Crowdclustering with Sparse Pairwise Labels: A Matrix Completion Approach
Rong Jin
Associate Professor
Department of Computer Science and Engineering, Michigan State University
Abstract: Crowdsourcing utilizes human ability by distributing tasks to a
large number of workers. It is especially suitable for data clustering
because it measures similarity between objects based on manual annotations,
capturing the human perception of similarity among objects. This is in
contrast to most clustering algorithms that face the challenge of finding an
appropriate similarity measure for the given dataset. Although several
algorithms have been developed for crowdclustering, they require a large
number of annotations, due to the noisy nature of human annotations, leading
to a high computational cost in addition to the large cost associated with
annotation. We address this problem by developing a novel approach for
crowclustering that exploits the technique of matrix completion. The key
idea is to first construct a partially observed similarity matrix based on a
subset of pairwise annotation labels that are agreed upon by most
annotators. It then deploys the matrix completion algorithm to complete the
similarity matrix and obtains the final data partition by applying a
spectral clustering algorithm to the completed similarity matrix. We show,
both theoretically and empirically, that the proposed approach needs only a
small number of manual annotations to obtain an accurate data partition. In
effect, we highlight the trade-off between a large number of noisy
crowdsourced labels and a small number of high quality labels.

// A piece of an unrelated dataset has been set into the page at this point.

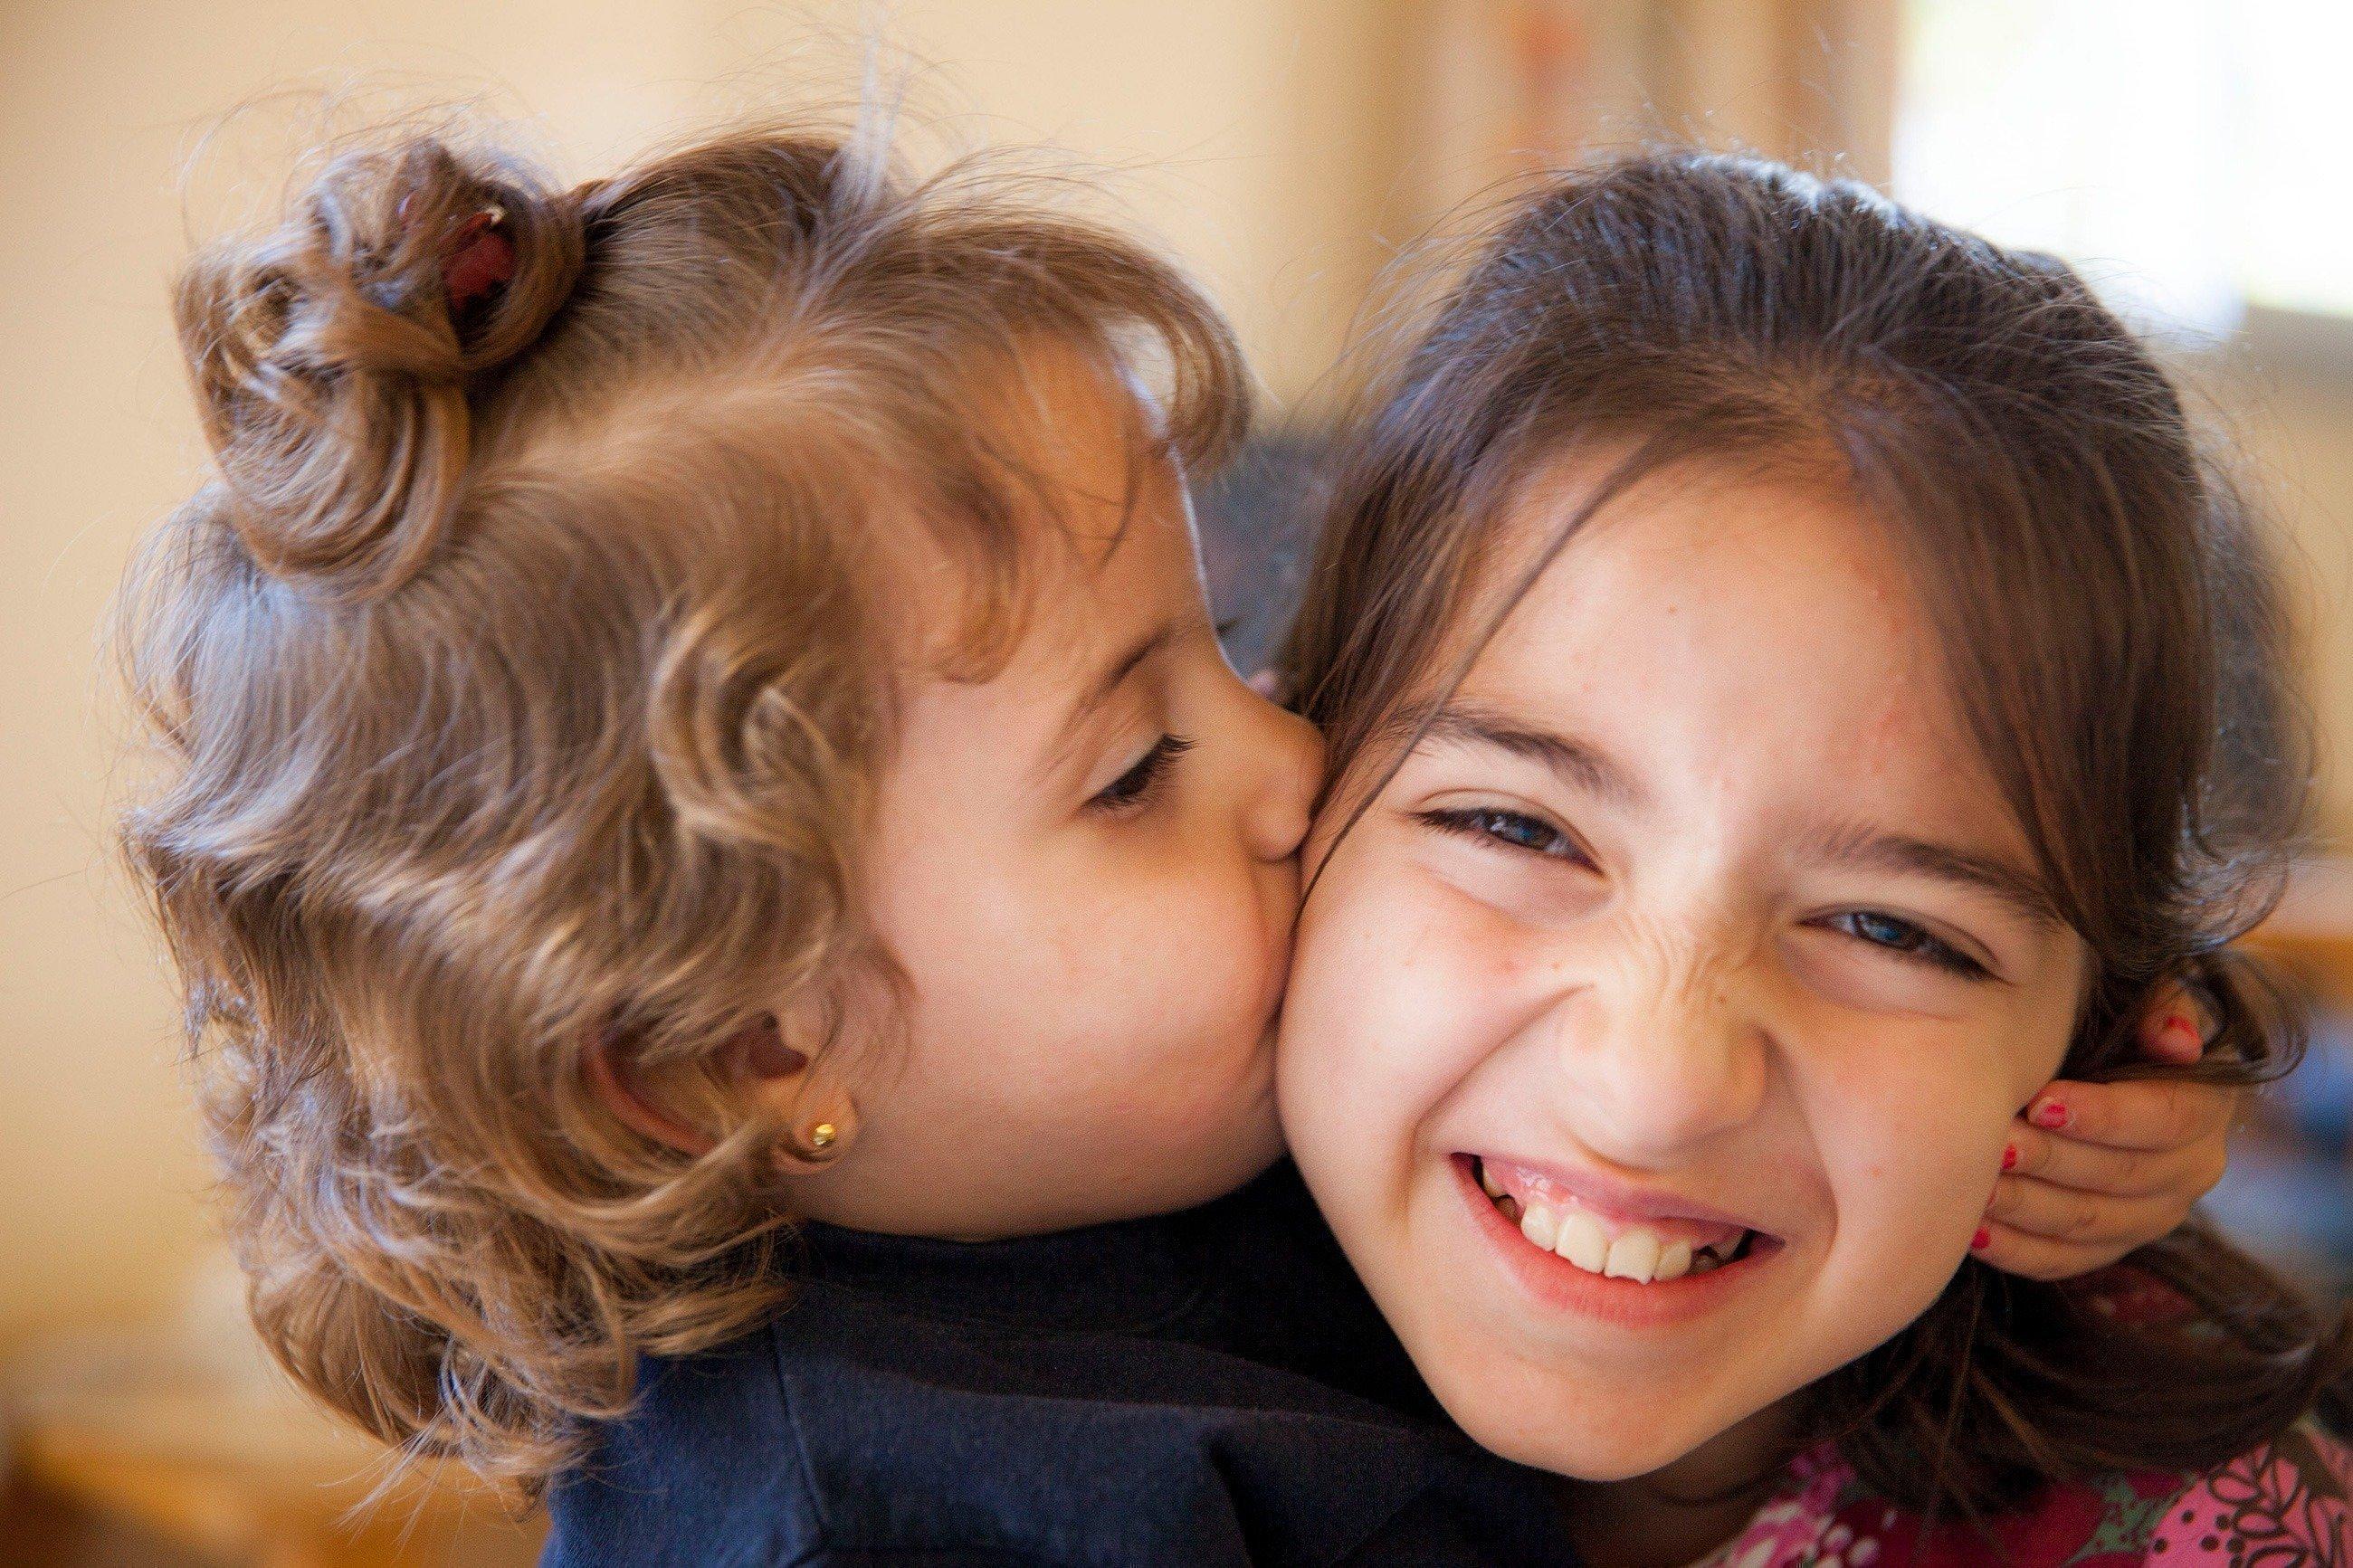 Une petite fille embrasse une autre fillette sur la joue.

Bio: Rong Jin focuses his research on statistical machine learning and its
application to information retrieval. He has worked on a variety of machine
learning algorithms and their application to information retrieval,
including retrieval models, collaborative filtering, cross lingual
information retrieval, document clustering, and video/image retrieval. He
has published over 160 conference and journal articles on related topics.
Dr. Jin Ph.D. holds a Ph.D. in Computer Science from Carnegie Mellon
University in 2003. He received the NSF Career Award in 2006.